We also investigated FASTA sequence from the previously defined regions (n = 44) in all HPRC assemblies along with nonhuman primate assemblies (n = 18). We processed only those assemblies that span defined regions in a single contig and map to defined breakpoints in T2T-CHM13 coordinates (±100 bp). Next, we transformed observed dinucleotide counts into Z-scores as outlined above. Based on visual inspection, we selected 27/44 regions with observable differences in the size of dinucleotide tracts between human and nonhuman primate assemblies (Supplemental Table S6).
Defining regions of putative structural variation
We examined large contig alignment discontinuities as gaps within a single contig alignment that are <1 Mbp. We classified a contig alignment discontinuity as a “contraction” if the alignment gap (in target sequence coordinates) is larger than the corresponding gap within a contig (in query sequence coordinates) (Fig. 1A, iii). In contrast, we classified a contig alignment discontinuity as an “expansion” if the alignment gap (in target sequence coordinates) is smaller than the corresponding gap within a contig (in query sequence coordinates). The number of unaligned bases is defined as the size of the gap in query sequence coordinates.
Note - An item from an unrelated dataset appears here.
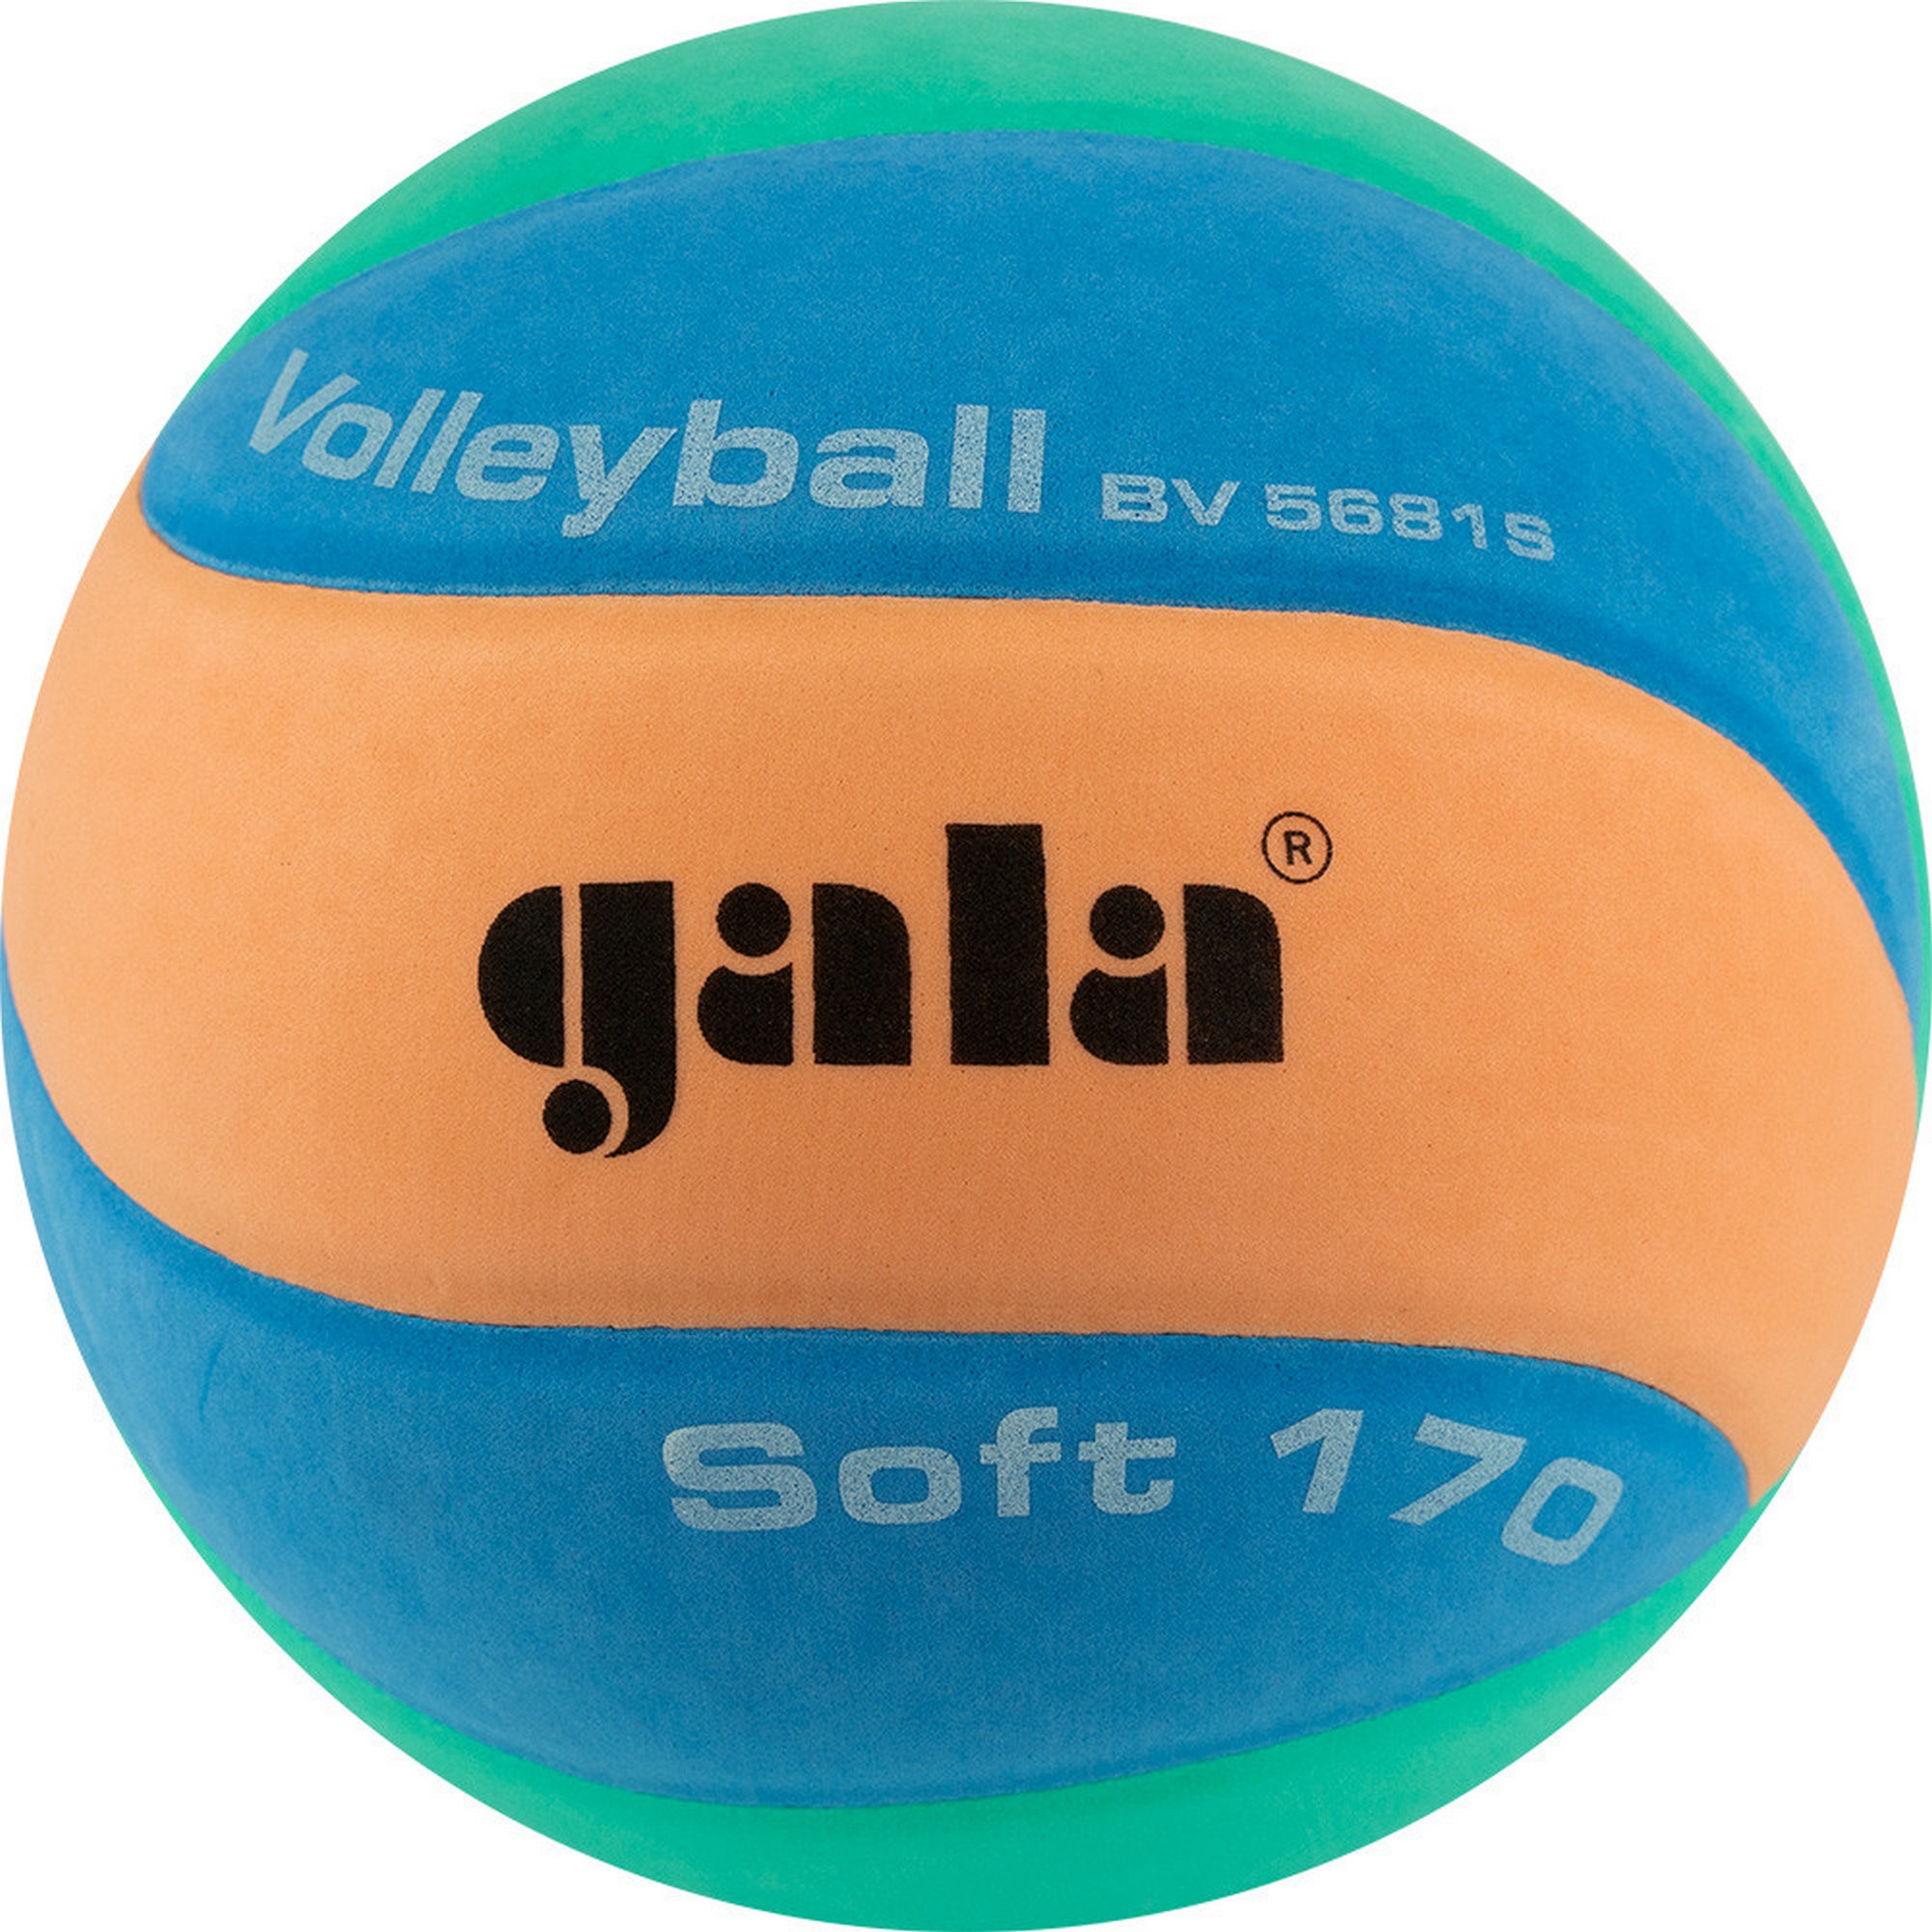 Купить Мяч волейбольный Gala 170 Soft 10 BV5681S р. 5,

The predicted size of the contractions and expansions was defined as a difference in size between gap in target and query coordinates. We marked contig alignment discontinuities that are within or close (±1 Mbp) to centromeric satellite DNA (marked as “CENSAT”) because contig assemblies and alignments within and near centromeres are complicated by the repetitive nature of centromeric satellites and high degree of SDs in these regions. We summarized predicted sites of contraction and expansion into a set of nonredundant regions constructed from sites where contraction and expansion are observed in at least five assemblies and the predicted event size is ≥100 bp (Supplemental Table S7).
Detection of CNV regions
To define regions that are likely copy number variable in any given sample, we searched for regions where there are overlapping contig alignments with respect to the T2T-CHM13 (v1.1) reference. In this analysis, we considered only autosomes, and we filtered out regions that overlap centromeric satellites. We opt to validate putative CNV regions using short-read-based copy number profiles obtained for 44/47 HPRC samples. Short Illumina reads were computationally parsed into 36-bp segments and aligned to a hardmasked T2T-CHM13 (v1.1) reference using mrsFAST (Hach et al. 2010), allowing an edit distance of two. Read-depth-based copy number estimates were generated using the FastCN (Pendleton et al. 2018) software package, which uses known copy number stable regions to correct for Illumina sequencing GC bias and convert read depth to diploid copy number over windows containing 500 unmasked base pairs.
Because of the mapping of short reads to a single paralogous copy in the genome, we set out to determine sample-specific copy number by establishing reference copy number of paralogous regions in T2T-CHM13 (v1.1). We did this by splitting T2T-CHM13 (v1.1) sequence into the same 36-bp subsequences with a slide of one to cover all k-mers in the reference. These k-mers were mapped back to the reference using mrsFAST, and copy number was determined via FastCN. We refer to this as the k-mer-ized T2T-CHM13 reference copy number.
We defined sample-specific CNV regions as those with a diploid copy number less than 10 and at least one diploid copy number increase compared with the k-mer-ized T2T-CHM13 reference copy number. Sample-specific regions with a diploid copy number of two and/or no difference (delta = 0) from the k-mer-ized T2T-CHM13 reference copy number were defined as not copy number variable and marked as “noCN.” Regions where there is an observable diploid copy number increase yet the overall sample-specific copy number is greater than 10 were marked as “more10CN.” Regions that do not fall into any of the above categories were marked as “none.”
Analysis of pangenome brnn regions
Genomic regions that were excluded from the T2T-CHM13-based pangenome graph construction were obtained from GitHub (https://github.com/human-pangenomics/hpp_pangenome_resources#masked-sequenc). A detailed description of how these regions were defined is reported in the link above. We next took the file “hprc-v1.0-mc-chm13.clipped-intervals.bed.gz,” and for each genomic region, we extracted the FASTA sequence from a corresponding phased assembly. We then aligned these to the T2T-CHM13 (v1.1) reference using minimap2 (v2.24) with the following parameters: ‐‐secondary=no ‐‐eqx -ax asm20 -r 100,1k -z 10000,50. Finally, we kept only alignments of minimum mapping quality of 10 or more and also excluded any alignments from mitochondrial DNA.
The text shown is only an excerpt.